Fujieda-juku (藤枝宿, Fujieda-juku) was the twenty-second of the fifty-three stations of the Tōkaidō. It is located in what is now part of the city of Fujieda, Shizuoka Prefecture, Japan.

==History==
Fujieda-juku was a castle town of the Tanaka Domain. Additionally, it was a post station along the Unuma Kaidō, which ran to the salt-producing area of Sagara. It flourished as a commercial town and, at its prime, hosted 37 hatago.

The classic ukiyo-e print by Andō Hiroshige (Hōeidō edition) from 1831–1834 depicts the actual business of the shukuba as a relay station to change horses and coolies to permit the rapid transmission of high priority messages and goods between Edo and Kyoto.

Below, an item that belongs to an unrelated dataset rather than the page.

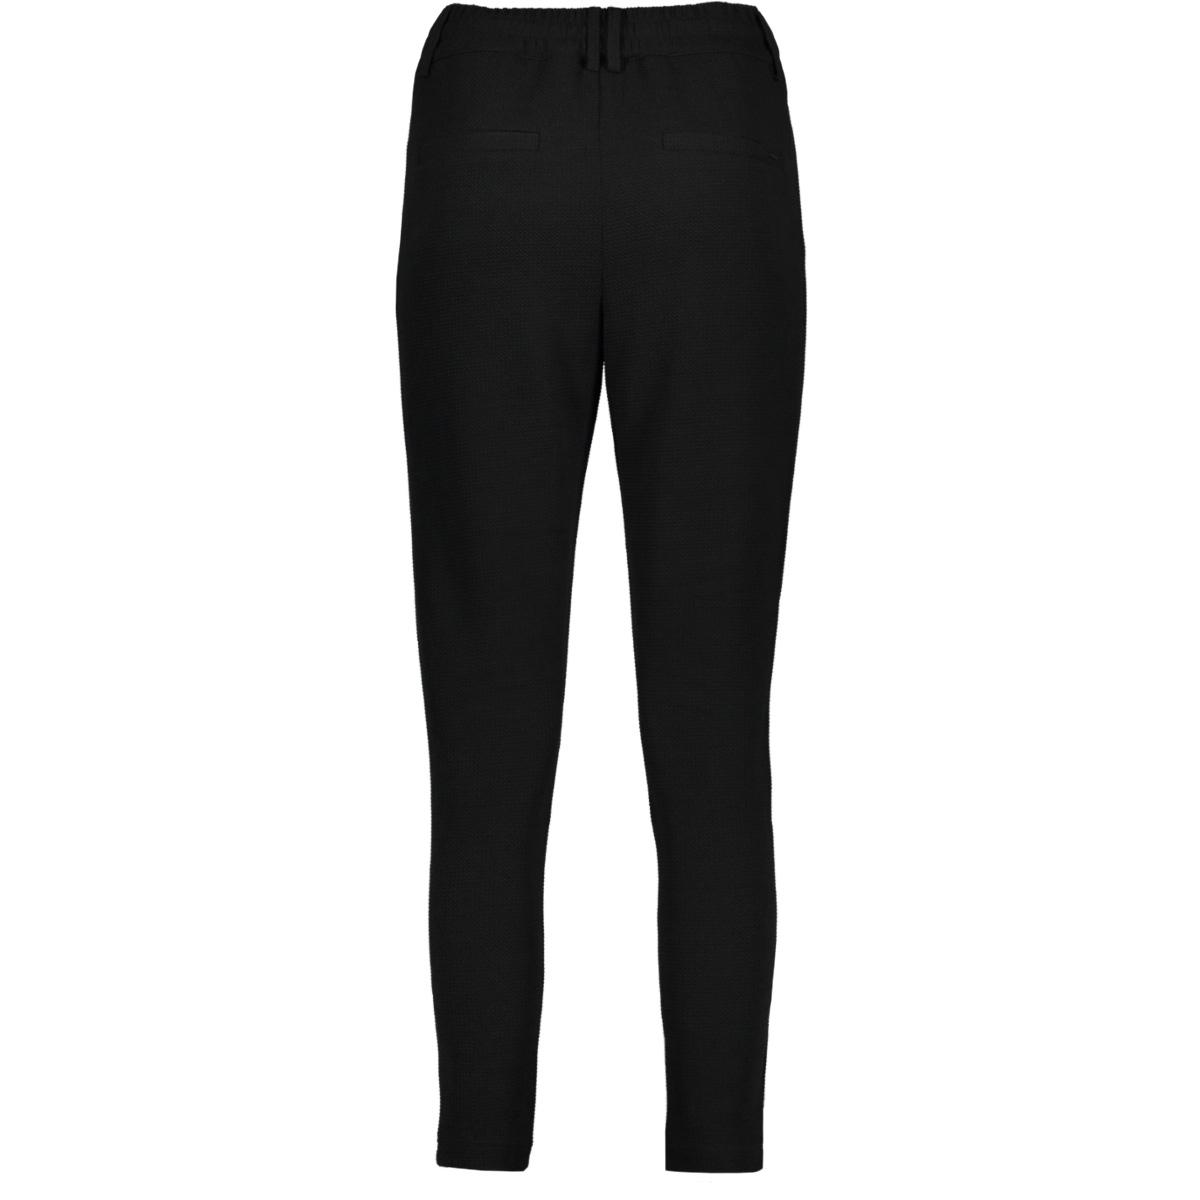 onlpoptrash easy pop pant rp noos 15126112 only broek black

At the beginning of the Meiji period, when the Tōkaidō Main Line railway was being built, residents were worried about the smoke and ash from the newly developed steam locomotives would ruin their green tea crop, and decided to block construction of the line. As a result, Fujieda Station (now part of Central Japan Railway Company) was built approximately three kilometers from the town, which led to a decline in prosperity for the old town. However, after Fujieda became a city, its area expanded greatly and has become an industrial community. Additionally, it serves as a bedroom community to Shizuoka.